Speciation in the Réunion grey white-eye (Zosterops borbonicus)

During my PhD, I investigated the causes of a striking case of plumage color variation in an island endemic bird: the Réunion grey white-eye (Zosterops borbonicus). This possible case of incipient speciation stands out as one of the very few exceptions of evolutionary divergence documented at the scale of a so small island in birds.

Geographic distribution of the different forms of Z. borbonicus. Three forms occur in parapatry in the lowlands (< 1400 a.s.l.) and another one lives in the highlands where two morphs coexist. (Illustration retrieved from my thesis)

Geographic distribution of the different forms of Z. borbonicus. Three forms display parapatric distributions in the lowlands (< 1400 m a.s.l.) whereas a fourth one occurs in the highlands of Réunion where two morphs coexist. (Illustration from my PhD thesis)

On the evolutionary history of these birds

The Grey Headed Browned-Napped form occurs in the Southern lowlands of Réunion Island (Photo Joris Bertrand)

The Grey Headed Browned-Napped form occurs in the Southern lowlands of Réunion Island (Photo Joris Bertrand)
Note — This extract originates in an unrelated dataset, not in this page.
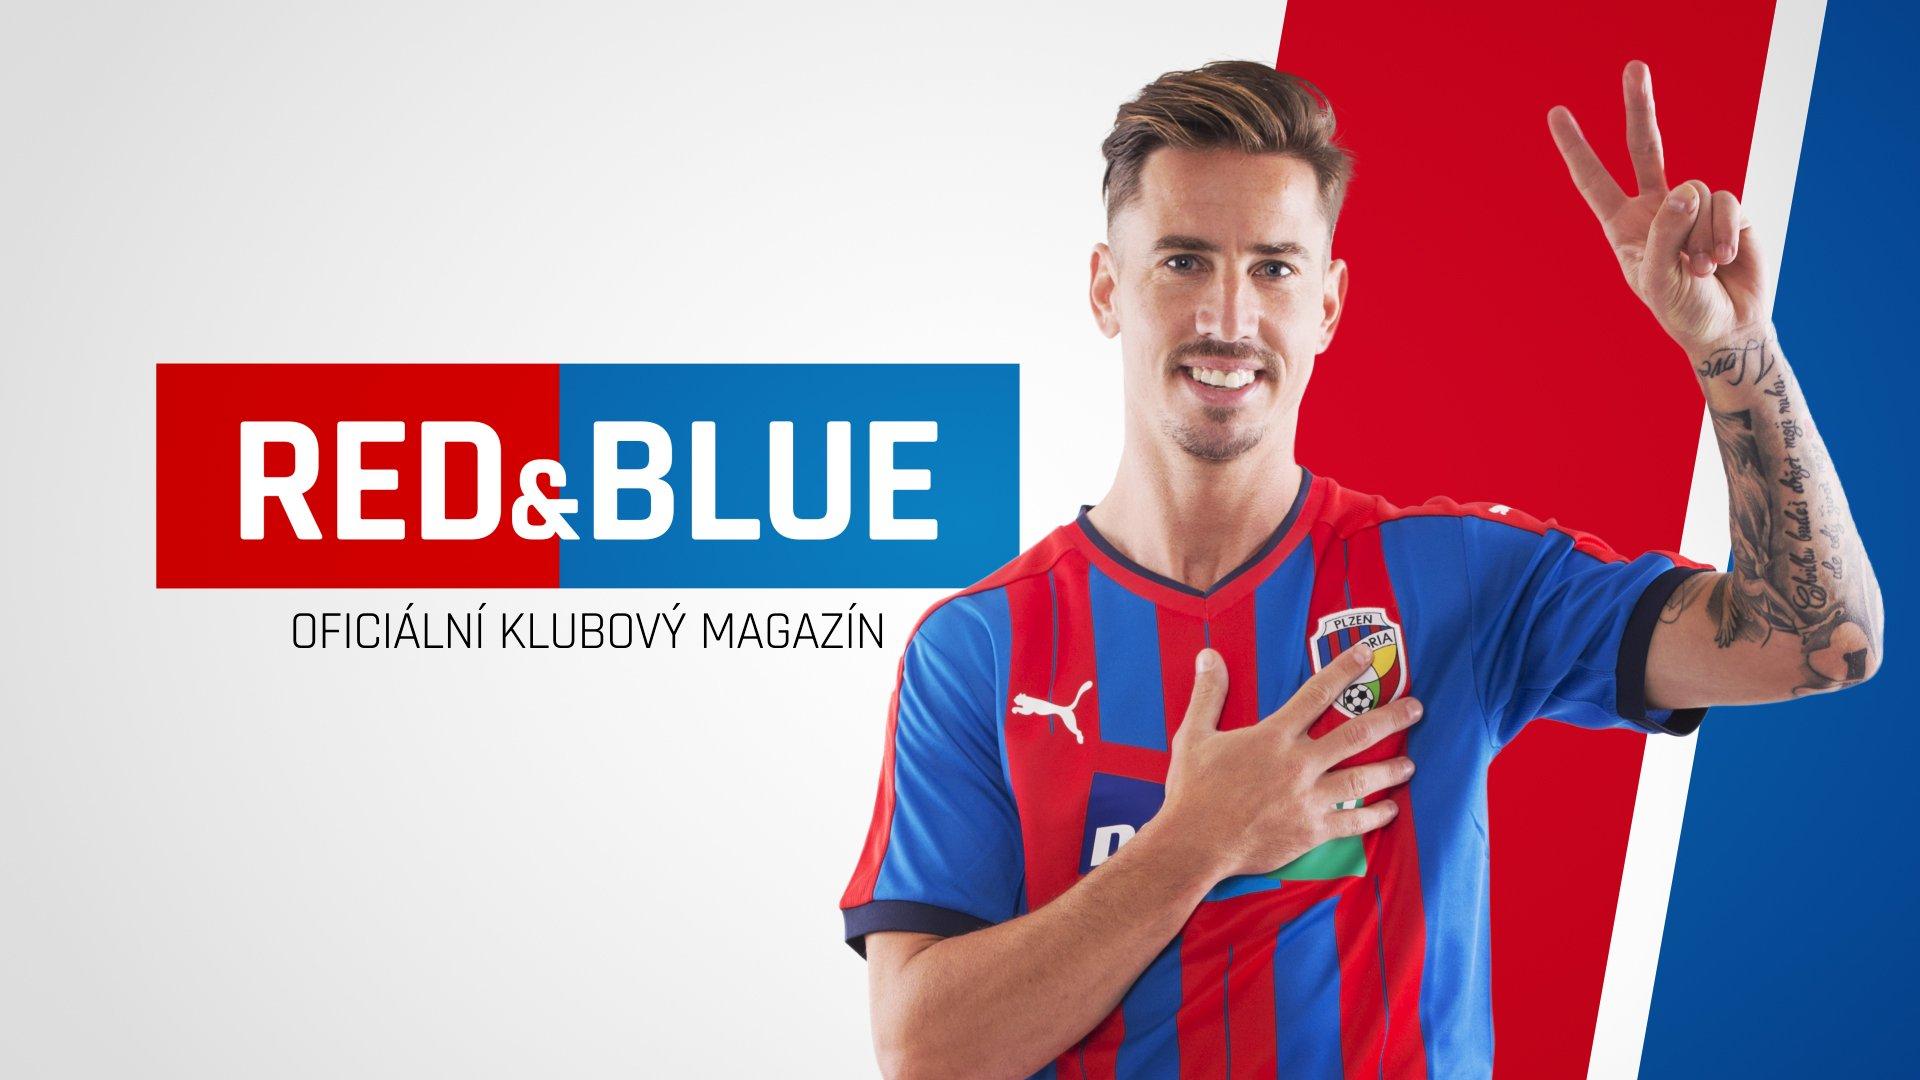 Sváteční vydání RED&BLUE (46.): Milan Petržela a Velikonoce! Jak se mu vydařil trojboj?
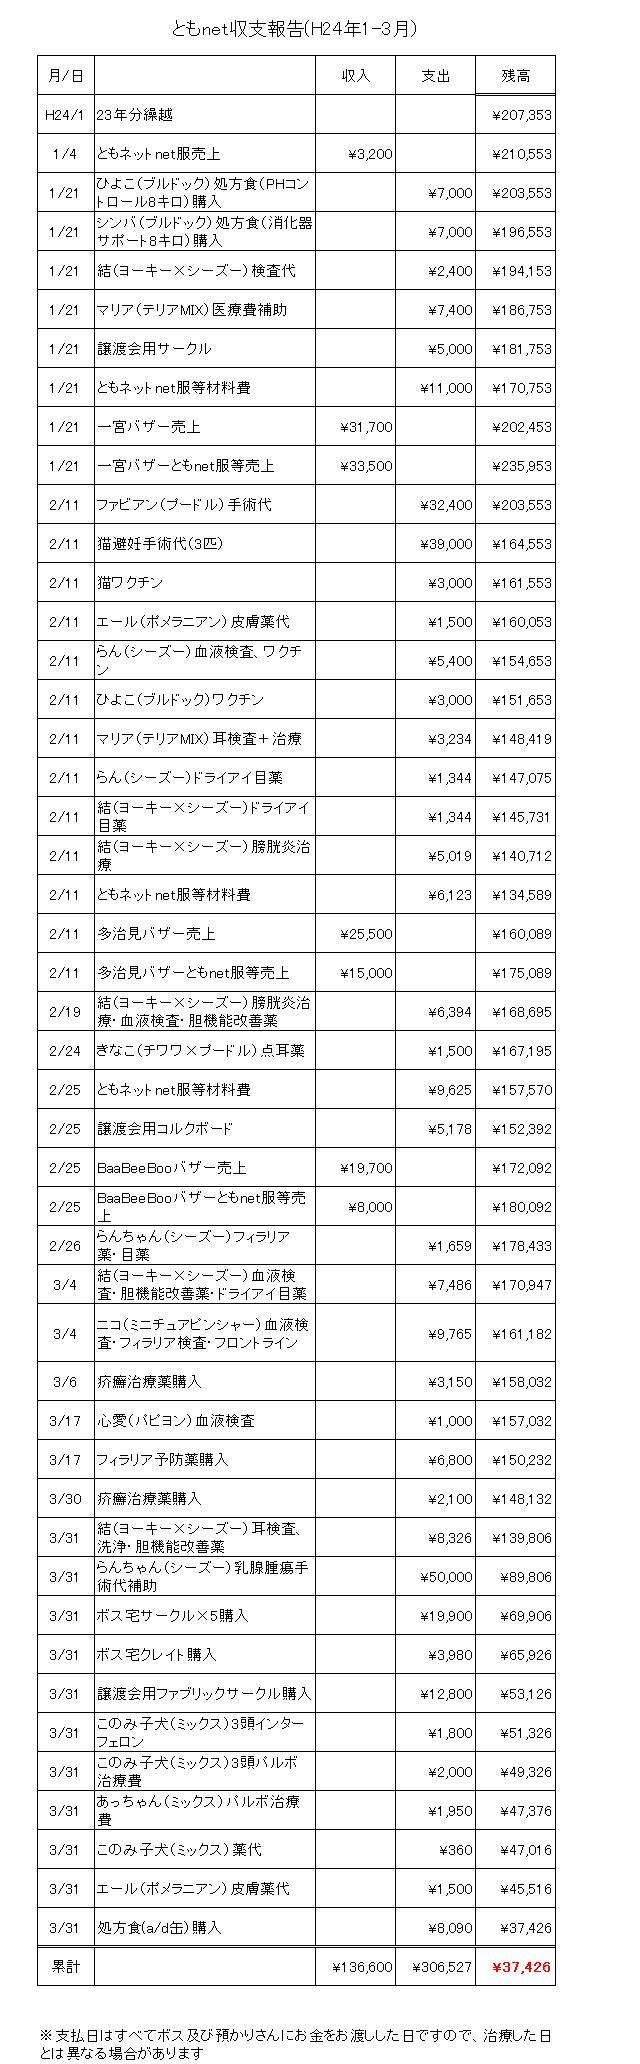 ともnet収支報告

The first phylogenetic hypothesis (Warren et al., 2006) and population genetic surveys (Milá et al., 2010) supported a scenario of within-island evolutionary divergence with Z. borbonicus being reproductively isolated for a long time (about 400,000 years) from its sister species (Z. mauritianus) which lives on the neighbor island of Mauritius.

On the factors responsible for this small-scale evolutionary divergence

Réunion has been shaped by an intense volcanic activity that gave rise to a rugged topology and ecologically diverse habitats. This has definitely affected the spatial distribution and the demographical dynamics of white-eyes populations. We showed that adaptation to local environmental conditions shape body size and is partly responsible for the restriction in gene flow between populations occurring along an elevational gradient on the West-coast of the island (Bertrand et al., 2016). Along these slopes, we also confirmed the existence of a cryptic hybrid zone between two genetically differentiated highland and lowland forms. We could also verify that the contact zones between the lowland colour forms match physical discontinuities but are not necessarily associated with significant habitat changes and are not corroborated by neutral genetic differentiation (Delahaie et al., in press). It suggests that additional factors related to sexual selection and/or genetic incompatibilities could explain the geographic structure observed. Anyway, only a very particular combination of divergent selective pressures (Cornuault et al., 2015) coupled with a limited propensity to disperse (Bertrand et al., 2014) is able to explain the emergence and the maintenance of these differences. 

On the genetic bases of plumage color

Sympatric brown and grey morphs of the sympatric polymorphic upland form of Z. borbonicus (Photo Joris Bertrand)

Sympatric brown and grey morphs of the sympatric polymorphic upland form of Z. borbonicus (Photo Joris Bertrand)

In these birds, color differences are genetically determined by the deposition of two melanic pigments when the feather grows: the eumelanin (grey) and the pheomelanin (brown). In order to determine the genetic bases of colour variation, we first carried on a ‘candidate gene’ approach by sequencing several genes from the melanocortin’s biosynthesis pathway that are known to be involved in color variation. We found no mutation(s) that could explain colour differences in any of these genes (Bourgeois et al., 2012; 2016). The team therefore applied different protocols to work at the genome scale (Bourgeois et al., 2013). Thanks to these genomic approaches, we could identify a new genomic region undepinning the plumage colour variation we observed (Bourgeois et al., 2017).